The technology used in facial detection is called Histogram of Oriented Gradients or HOG. The input is converted in black and white color scheme since color data is not required. Then each and every pixel is observed and the pixels surrounding it are taken in consideration, based on the shift in color gradient from light to dark, a arrow or line is drawn. This process is repeated for every pixel and gradient shift in the image. The arrows or line that replaces the pixels are called Gradients and plots the flow of light in the input. By only considering the direction of gradients shift an image of the same person whether bright or dark will be represented exactly same. To decrease the level of details to save up space and get the forest of tree, we just consider the higher level of gradient. The image is divided into 16x16 pixel squares and in each square, the gradients are counted and the major direction of arrows is considered to draw one large arrows for a square. The end result will represent the basic structure of a face. This representation is called HOG representation and is compared to the most similar known HOG pattern to detect faces.

B. Framing and Projecting

Faces when detected and isolated are then posed in a pre-defined manner so that face of the same person in different angles, turns and orientation are not distinguished as different people.
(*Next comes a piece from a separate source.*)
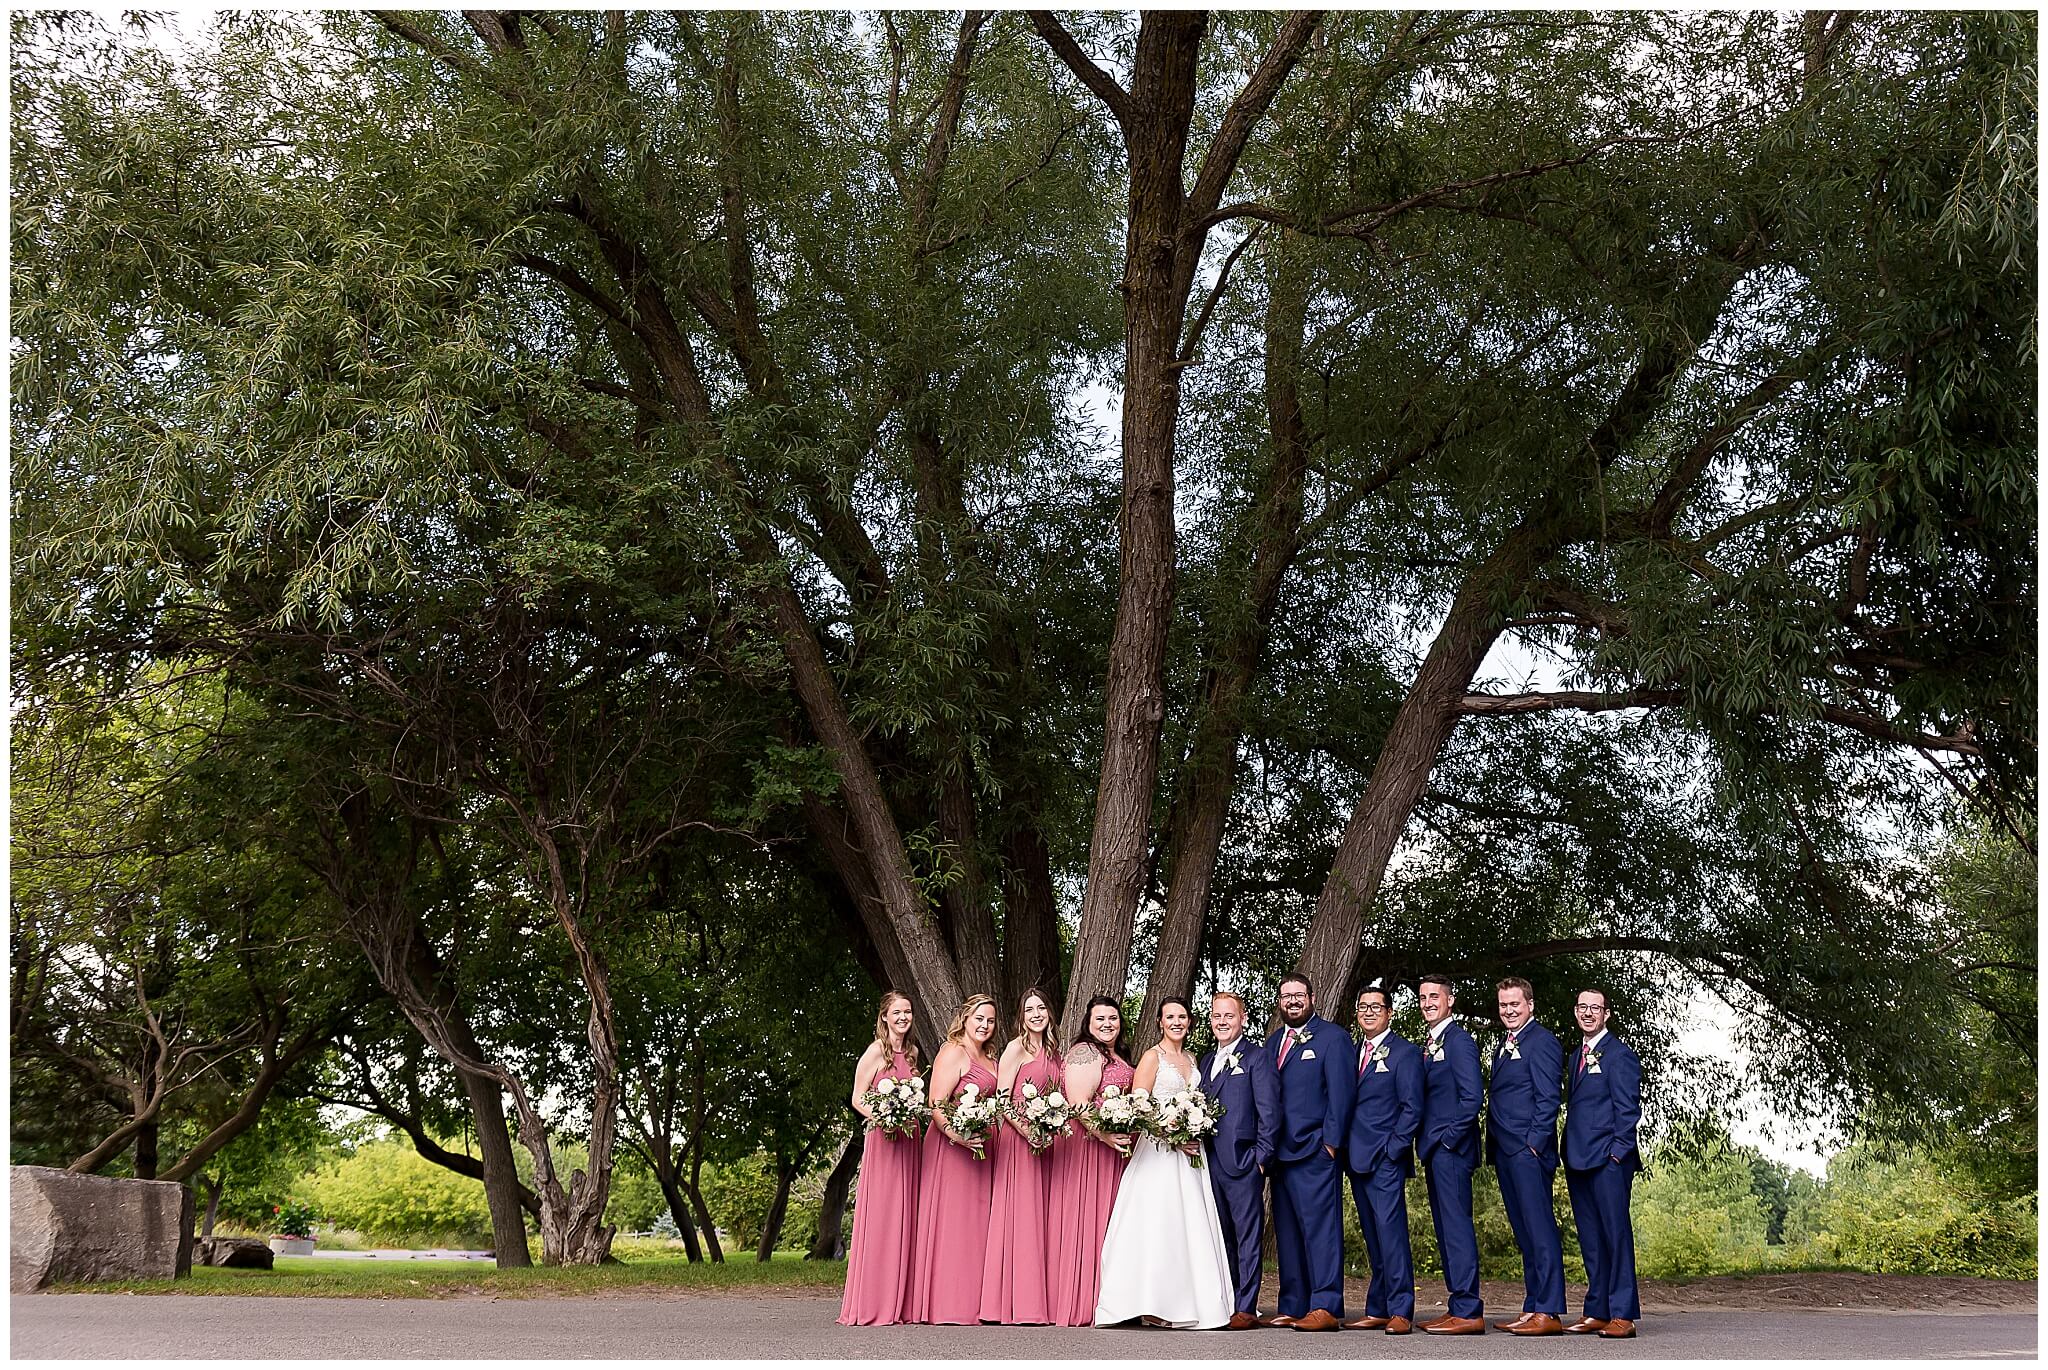 a group bridal party photo of bridesmaids in long rose dresses and groomsmen in blue suits underneath the large trees at The Marshes wedding venue
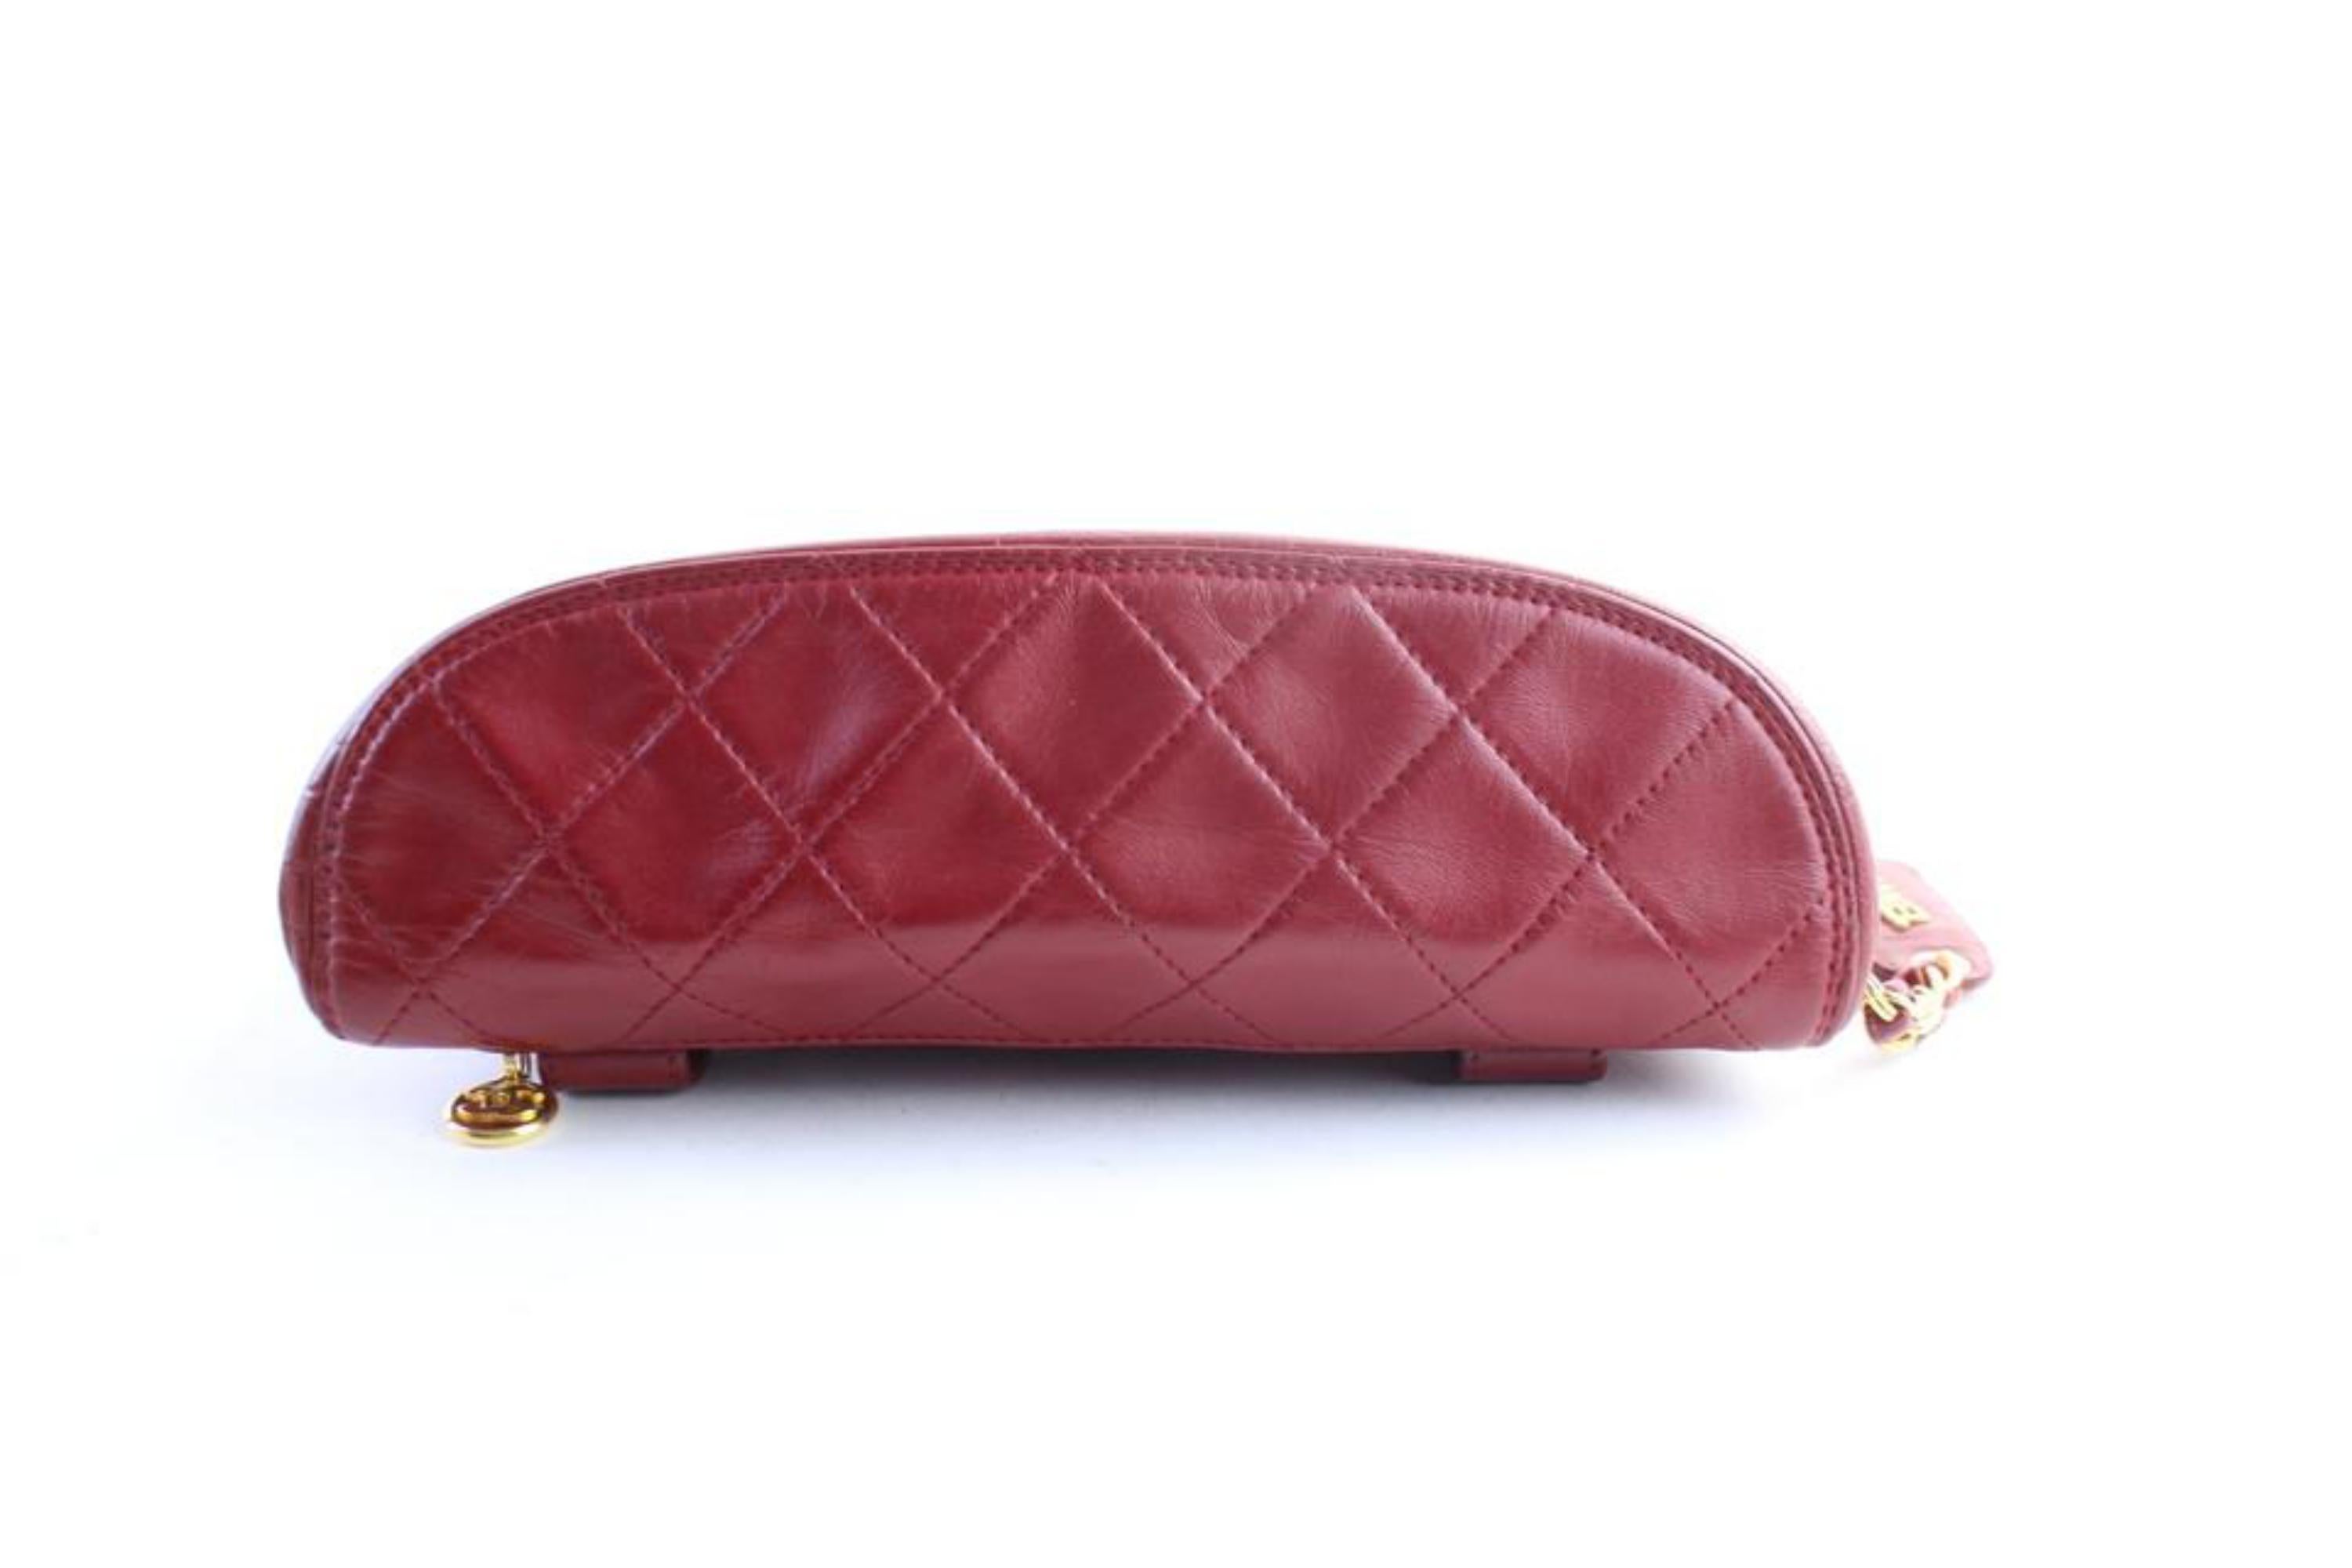 Chanel Fanny Pack Waist Pouch 1cr0703 Red Quilted Leather Cross Body Bag For Sale 6

This is done by wrapping the image so that the eyes and the lips are positioned in the same place. An algorithm called Face Landmark Estimation is used to do this. The algorithm will try to find 68 specific points defined on a face called landmarks, these points are located on a face on various points- edges of the eyes, the chin, eyebrows, contour of the mouth, etc. When these landmarks are discovered and the location of eyes and mouth are known, the image is rotated, skewed, wrapped and scaled so that these features are centered as much as possible without distorting the image. This transformation of the image is called Affine Transformation.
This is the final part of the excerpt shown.